(INFORMATION PROVIDED)
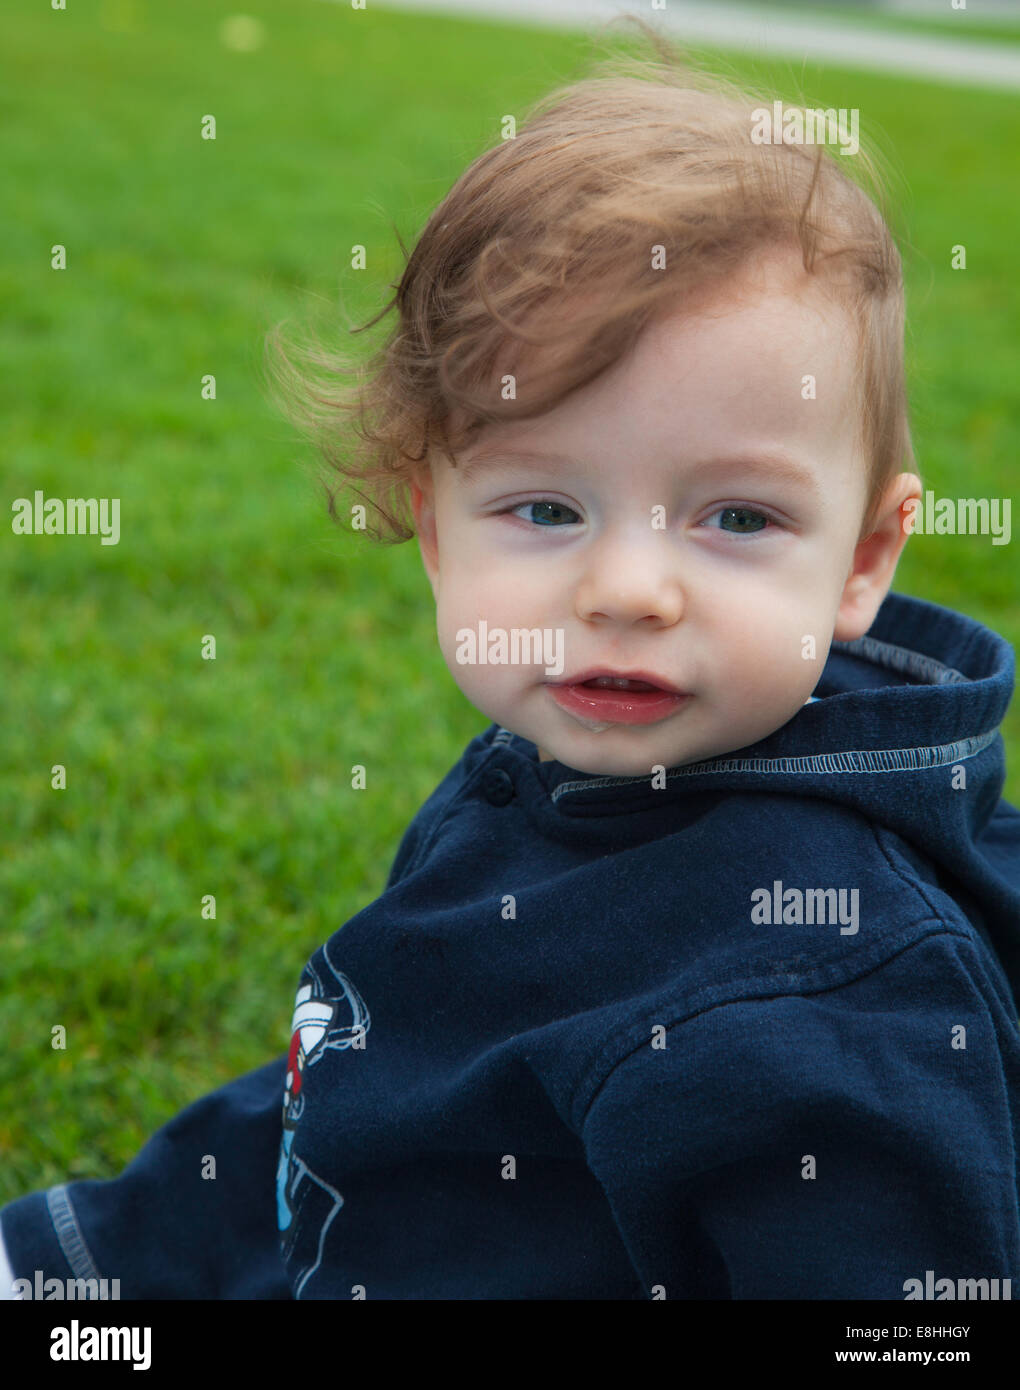 9 months old baby boy portrait outdoor in the park. Stock Photo
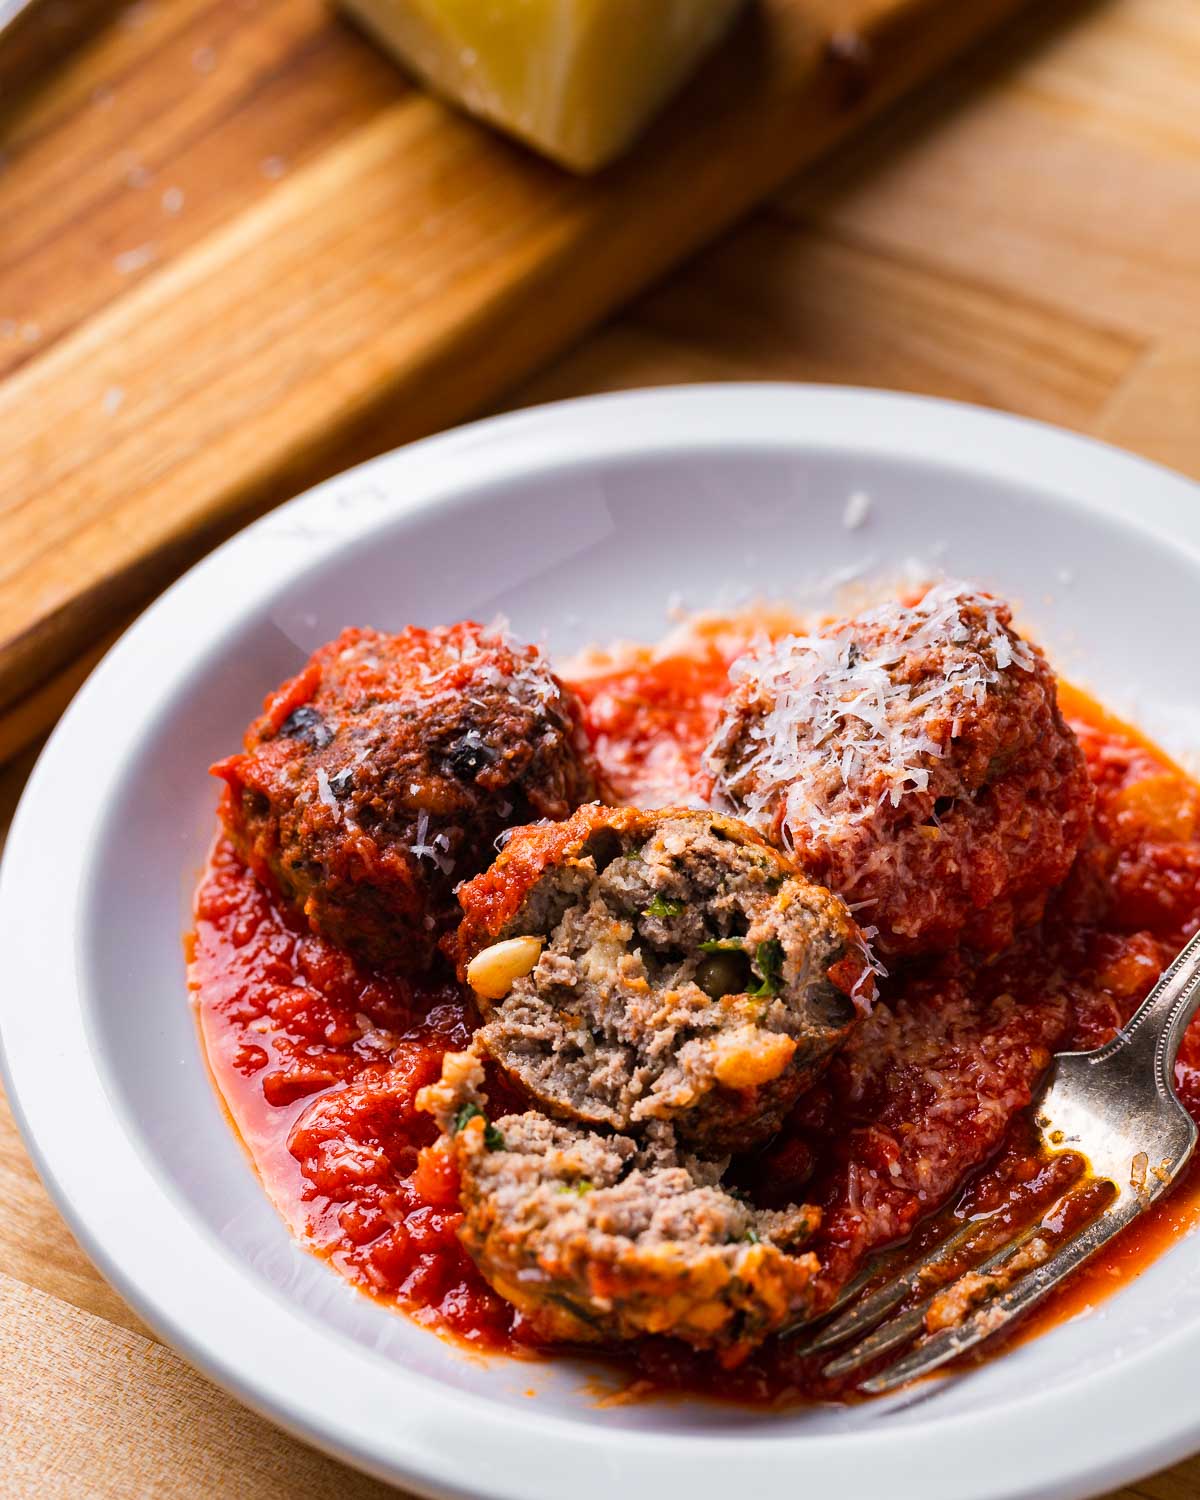 Sicilian style meatball with sauce cut in half in white plate.
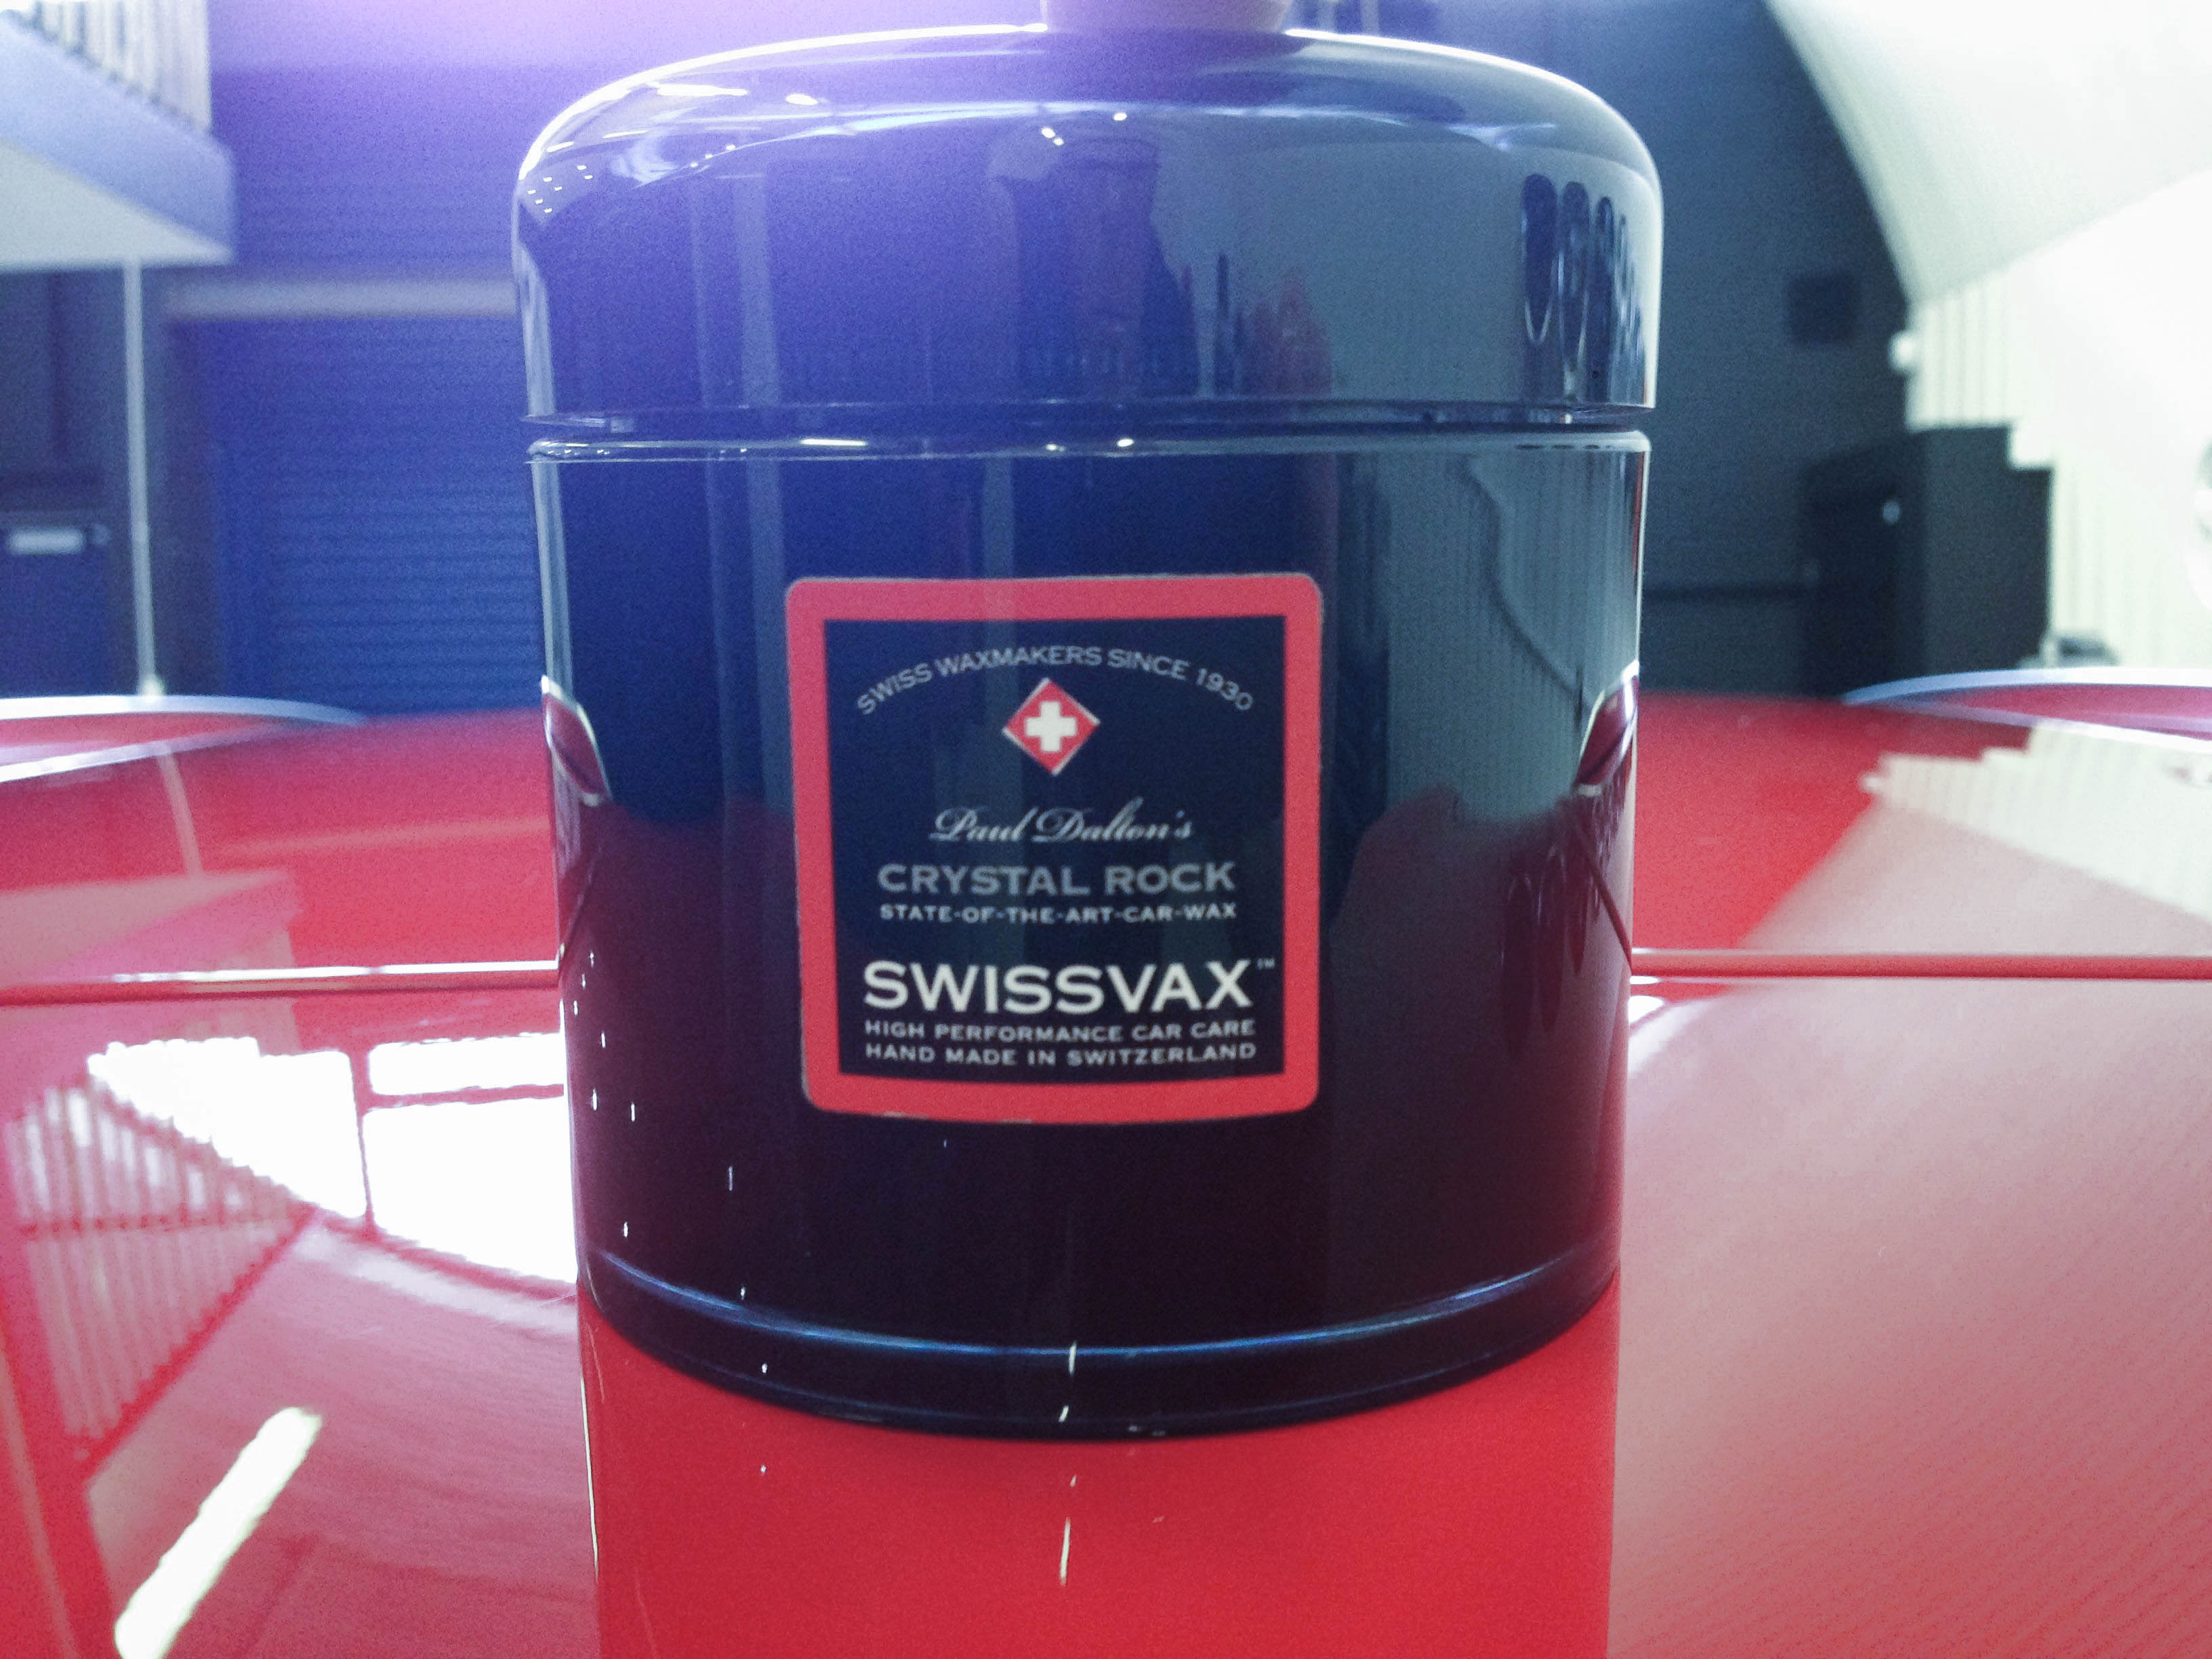 Audi A3 (Misano Red) – Finished in Swissvax Crystal Rock
(End INFORMATION PROVIDED)
Copy exactly the lines that run from the line containing "Sicilian style meatball" to the end of the data, keeping both end lines and dropping every picture.

 Sicilian style meatball with sauce cut in half in white plate.
 Audi A3 (Misano Red) – Finished in Swissvax Crystal Rock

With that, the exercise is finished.